The "green" is only going to be about 300sf. Rather than just planting a square blob of grass I decided to shape it like what a putting green may look like, although I don't think I'll be cutting it low enough to putt on. I'm thinking of starting it at 3/4" and go from there, which will still look enough like a green next to 4" St. Aug.

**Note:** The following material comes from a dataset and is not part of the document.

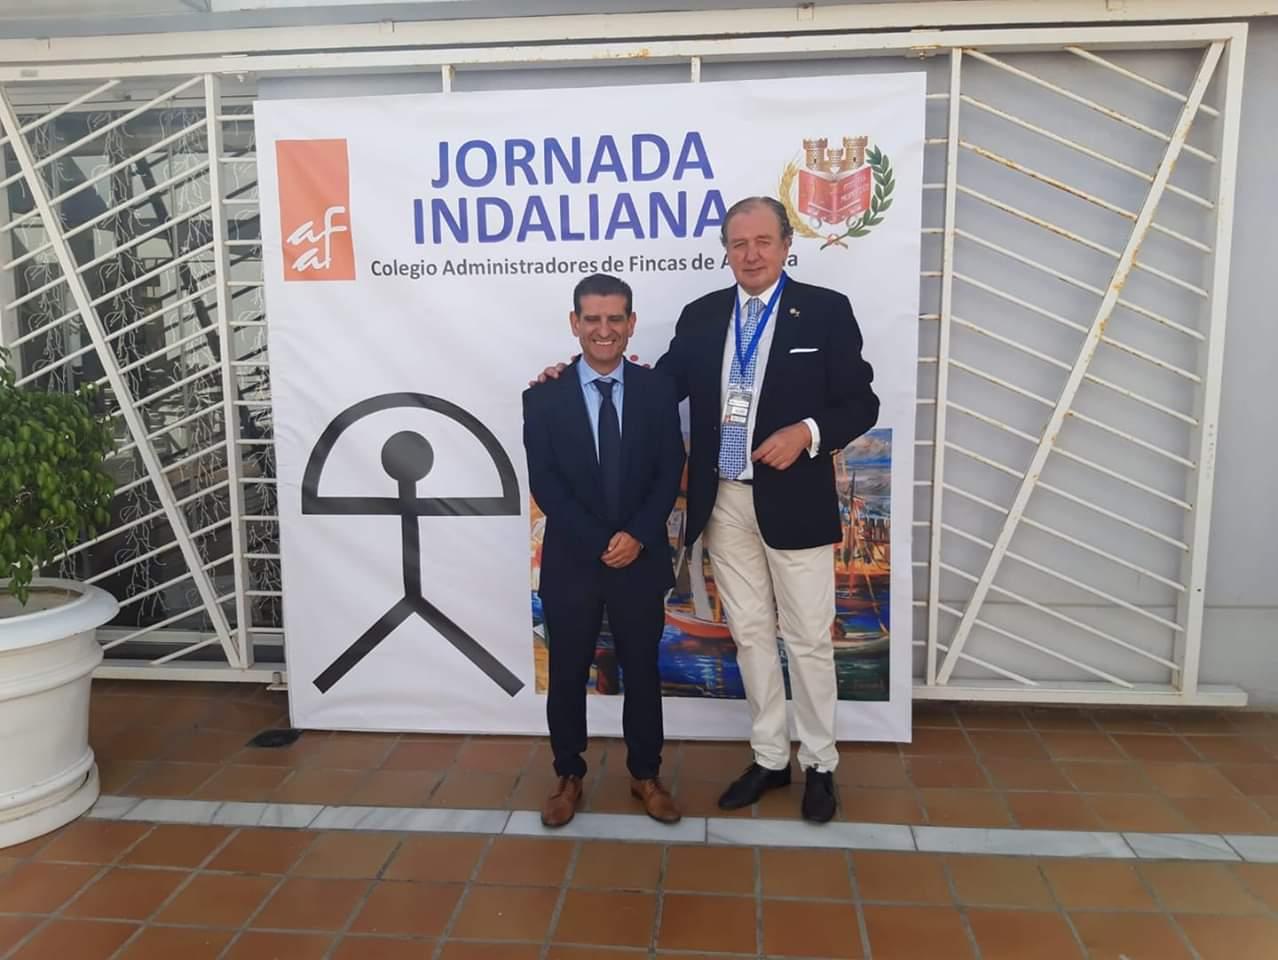 David Toscano y Gabriel Onoyarte en Jornadas Indalianas Almería

First I raked the plot down about 6" to remove all the junk. In just this small area I removed thousands of pounds of rock of all sizes and added it to my rip-rap seawall. Just a small percent of it:





Then I spent weeks spraying glyphosate, lightly raking to expose new weed seeds and pebbles, watering daily...rinse repeat many times. Here is my only grounds crew that helps daily, #Floridaproblems.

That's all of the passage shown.